I don’t know what kind of expectations you might come to this book with, but chances are you’ll find them transcended. There’s infinite enough variety in it to upset anyone’s preconceptions. You’ll be spooked, but you’ll also be thoroughly entertained. That’s a far more important thing than is sometimes realized, and far rarer too. Maura McHugh brings it off in style. The Boughs Withered is a book you’re likely to come back to again and again just for the sheer pleasure of reading it. Now how uncommon, and how important, is that?

A review of The Ballet of Dr Caligari and Madder Mysteries, by Reggie Oliver

Reggie Oliver has become an institution in modern British horror, producing volume after volume of finely crafted stories in the best tradition of weird fiction and ghost stories. Thanks to him, any reader who enjoys tales of this kind has a hugely enlarged bill of fare to sample – this is his eighth collection, containing thirteen stories. It’s produced to the usual superlative standard of Tartarus Press collectible editions, although for anyone who can’t afford the very high, but completely justified, hardback price, there are equally high-quality ebook copies in various formats available from Tartarus, as well as paperback. So how mad, and how mysterious, is it?
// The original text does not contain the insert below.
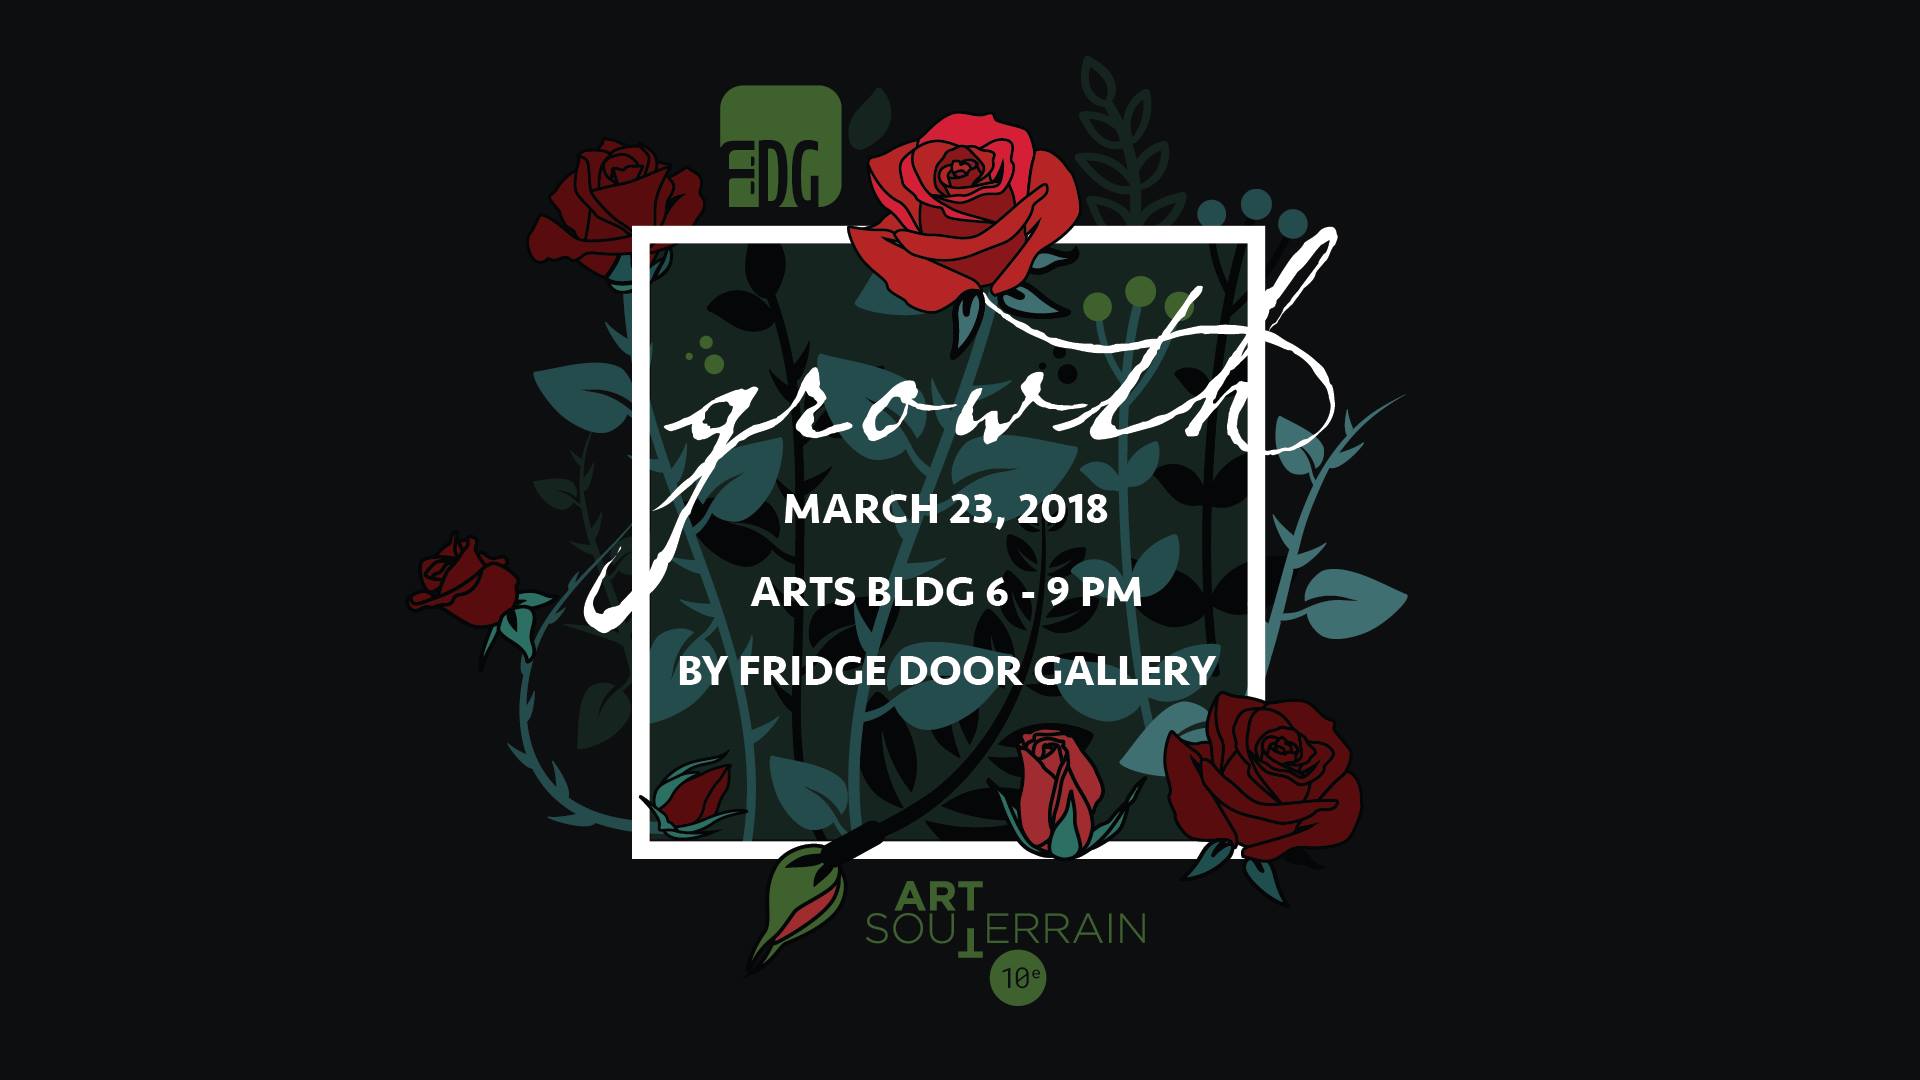 March 23, 2018 - Growth // FDG x Art Souterrain

A couple of the stories here are straight recreations or completions of the work of M.R. James. “ The Game of Bear ” completes an unfinished story by James in exactly the kind of manner a Jamesian fan could expect, with a suitably ghastly conclusion. “The Devil’s Funeral” is a historical ghost story in the epistolary style mastered by James, concerning an appropriately folklorish local tradition and a haunted clergyman. If you come to Reggie Oliver’s work looking for such pleasures, you’ll find them in plenty. Jamesian antiquarian ghost stories are only part of his range, though. There are other stories here with a strong antiquarian and historical dimension – “A Donkey at the Mysteries,” “The Endless Corridor,” “The Vampyre Trap,” “Lady with a Rose” – but they are mostly either framed in a much more contemporary context, or have a very different take on the narrative. “The Vampyre Trap,” for example, is more of a historical detective mystery than a ghost story, though with a strong gothic dimension. And the historical and scholarly trappings are often more in the spirit of that other great British master of the weird tale, Robert Aickman, with all the appropriately surreal and psychologically ambiguous flavour. “The Ballet of Dr Caligari” itself, with its disturbing evocation of a demonically influential stage piece, or “The Final Stage,” a nightmare dream journey through fragments of identity in masks and mirrors, smack of quintessential Aickman. Reggie Oliver is far beyond just a follower of the Jamesian tradition. He does have many styles and registers, from the genially satirical to the historical pastiche, but of all the dark and weird tales I’ve read, at least one of his stories sticks in my mind as one of the few that has genuinely scared and disturbed me, and in this jaded age, that’s saying something.

The classic English ghost story, then is very much alive in Reggie Oliver’s hands. It’s also far beyond what it appears to be on the surface, even if those surface aspects will be the chief attraction for many readers. A supremely enjoyable volume, from a writer who seems to go from strength to strength.